With an open mouth. This is how I would describe in two words the quality of the mini-LED screen of the new iPad Pro M1. If that's what matters most to you about a big-screen tech product, you can stop reading. Go to a store and buy it. However, I think there are many more details about the new Apple tablet that are worth talking about.

On the outside, the new iPad Pro 2021 has the same design as last year's model ; the weight, dimensions or location of the front camera are basically the same. This year's 12.9-inch model, though, is a half centimeter thicker – probably to accommodate the new screen.

The two new models are also compatible with the Apple Pencil, have the same speakers as before, have the same rear camera with LiDAR sensor and support the same versions of both Wi-Fi and Bluetooth .

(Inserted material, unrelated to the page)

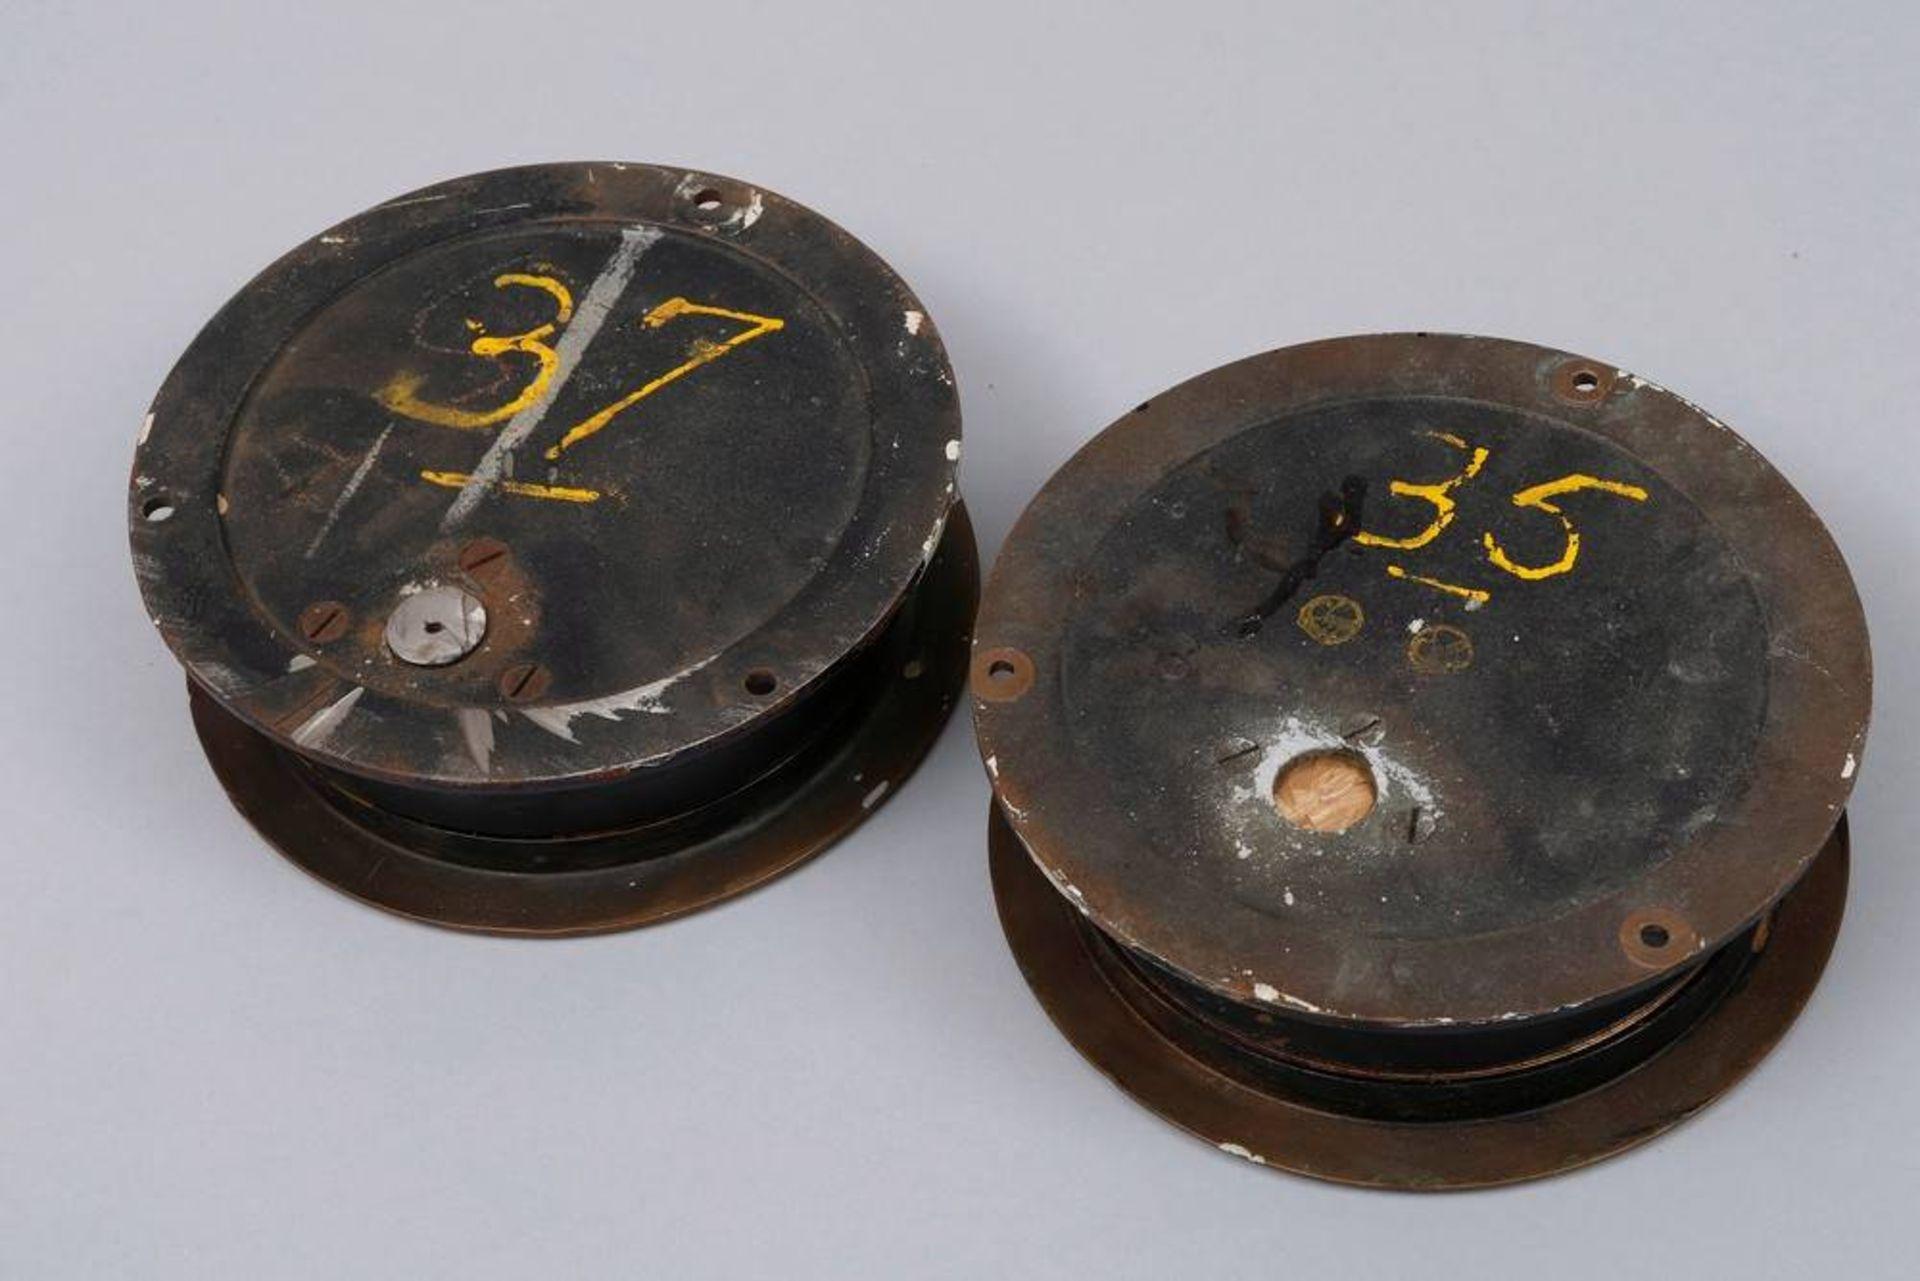 2 Schiffsinstrumente, USA, wohl 1930er/40er Jahre - Bild 4 aus 4
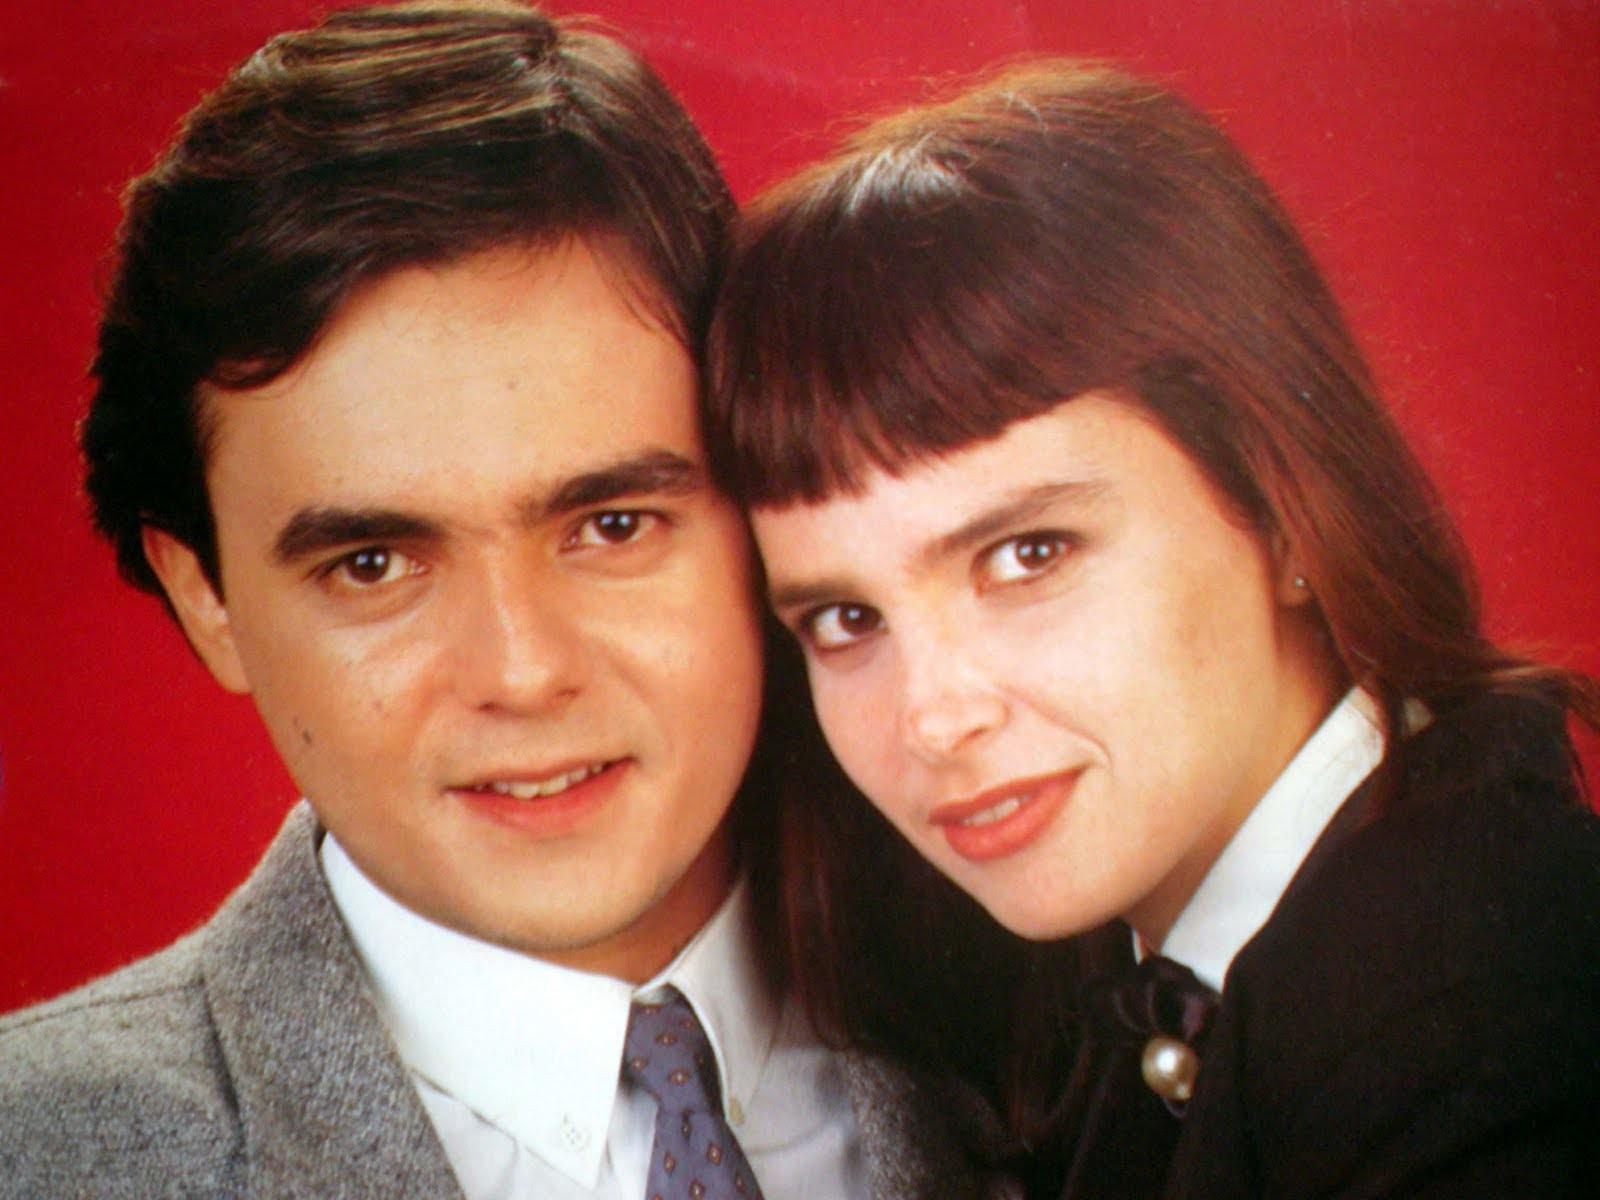 Lídia Brondi e Cássio Gabus Mendes na época de Vale Tudo (1988) (Foto: Divulgação)

How is this iPad Pro 2021 different from the model presented last year? Fundamentally, in five things:

The Apple M1 processor. The 12.9-inch model has the new Retina XDR display, which welcomes the mini-LED technology. The front camera is significantly better thanks to a new 12 megapixel wide-angle sensor. In addition, it has a new technology called Centered Framing. It is compatible with 5G networks. It has a Thunderbolt connector.

Are these improvements, especially the new processor, reason enough to buy a new iPad Pro? Welcome back to my journey with this device, which I love and hate in equal measure, practically since its arrival on the market in April 2010.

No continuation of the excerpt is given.